The following article was excerpted from The Desert Wings
March 3, 1978
by the AFFTC History Office


Murphy's Law ("If anything can go wrong, it will") was born here (Edwards Air Force Base) – in 1949 at North Base.

It was named after Capt. Edward A. Murphy, an engineer working on Air Force Project MX981, (a project) designed to see how much sudden deceleration a person can stand in a crash.

One day, after finding that a transducer was wired wrong, he cursed the technician responsible and said, "If there is any way to do it wrong, he'll find it."

The contractor's project manager kept a list of "laws" and added this one, which he called Murphy's Law.

Actually, what he did was take an old law that had been around for years in a more basic form (see first paragraph above) and give it a name.

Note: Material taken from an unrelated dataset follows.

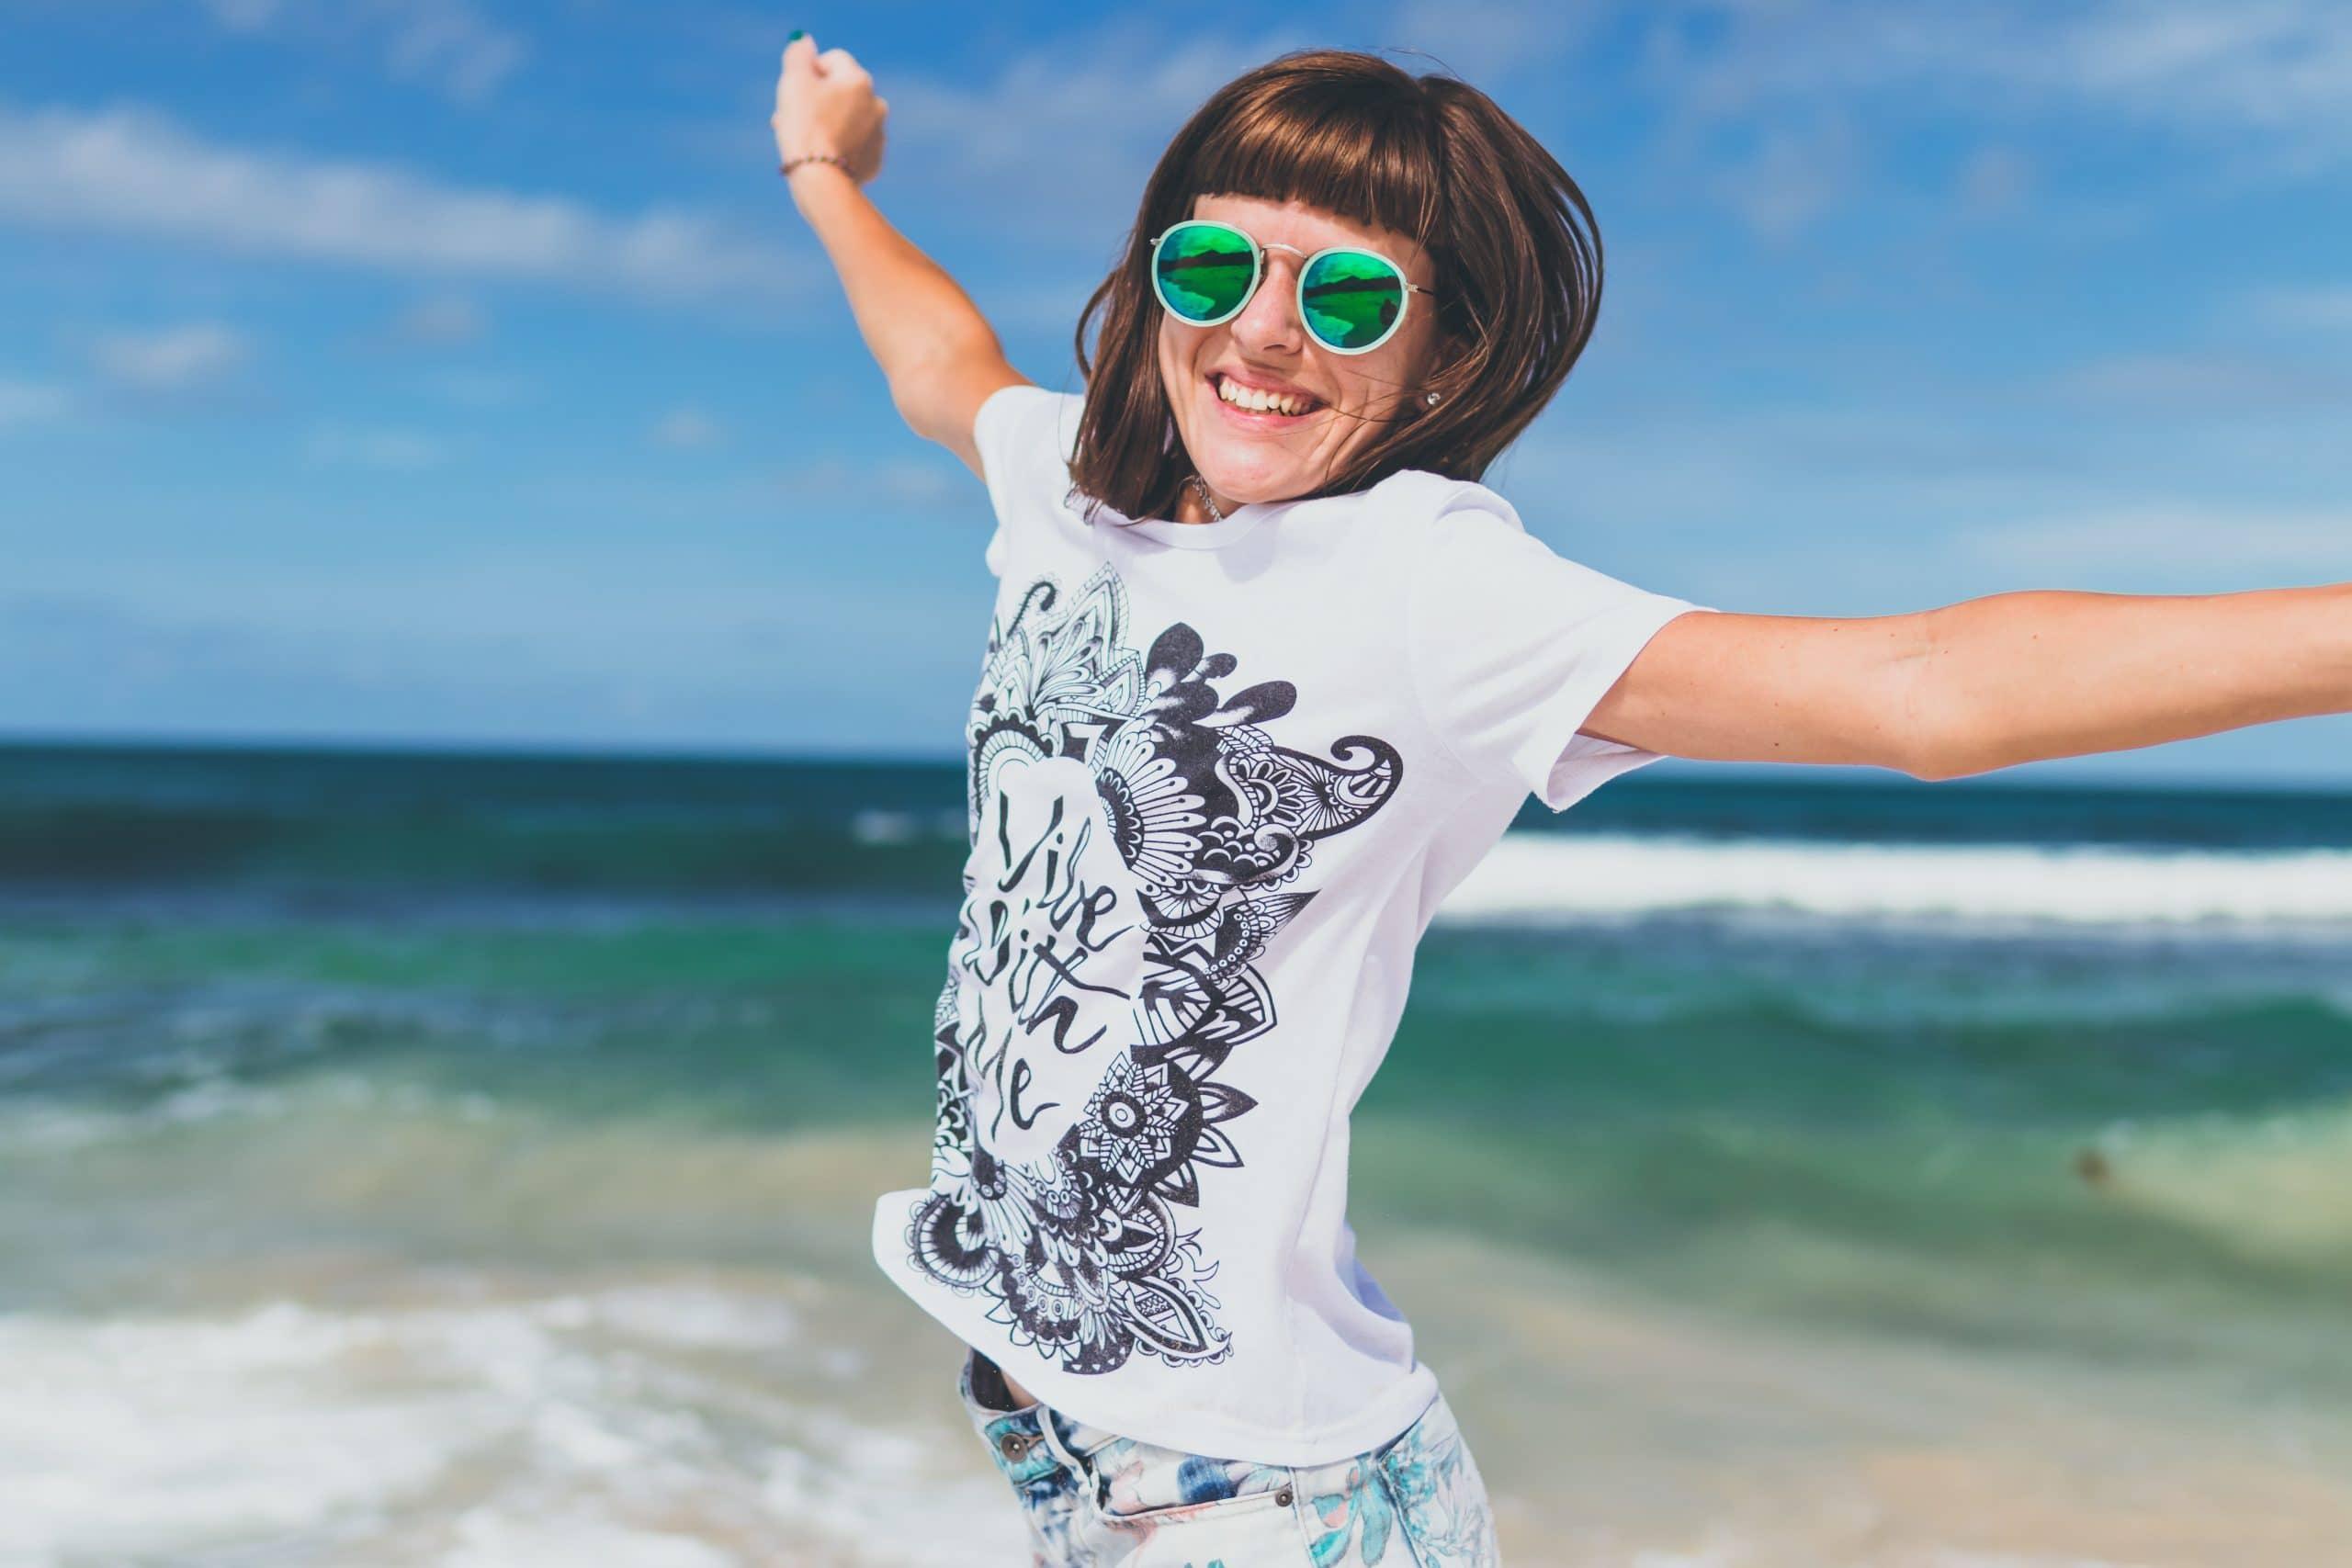 Mulher na praia sorrindo e pulando com óculos de sol

Shortly afterwards, the Air Force doctor (Dr. John Paul Stapp) who rode a sled on the deceleration track to a stop, pulling 40 Gs, gave a press conference. He said that their good safety record on the project was due to a firm belief in Murphy's Law and in the necessity to try and circumvent it.

Aerospace manufacturers picked it up and used it widely in their ads during the next few months, and soon it was being quoted in many news and magazine articles. Murphy's Law was born.

The Northrop project manager, George E. Nichols, had a few laws of his own. Nichols' Fourth Law says, "Avoid any action with an unacceptable outcome."

The doctor, well-known Col. John P. Stapp, had a paradox: Stapp's Ironical Paradox, which says, "The universal aptitude for ineptitude makes any human accomplishment an incredible miracle."

Nichols is still around. At NASA's Jet Propulsion Lab in Pasadena, he's the quality control manager for the Viking project to send an unmanned spacecraft to Mars.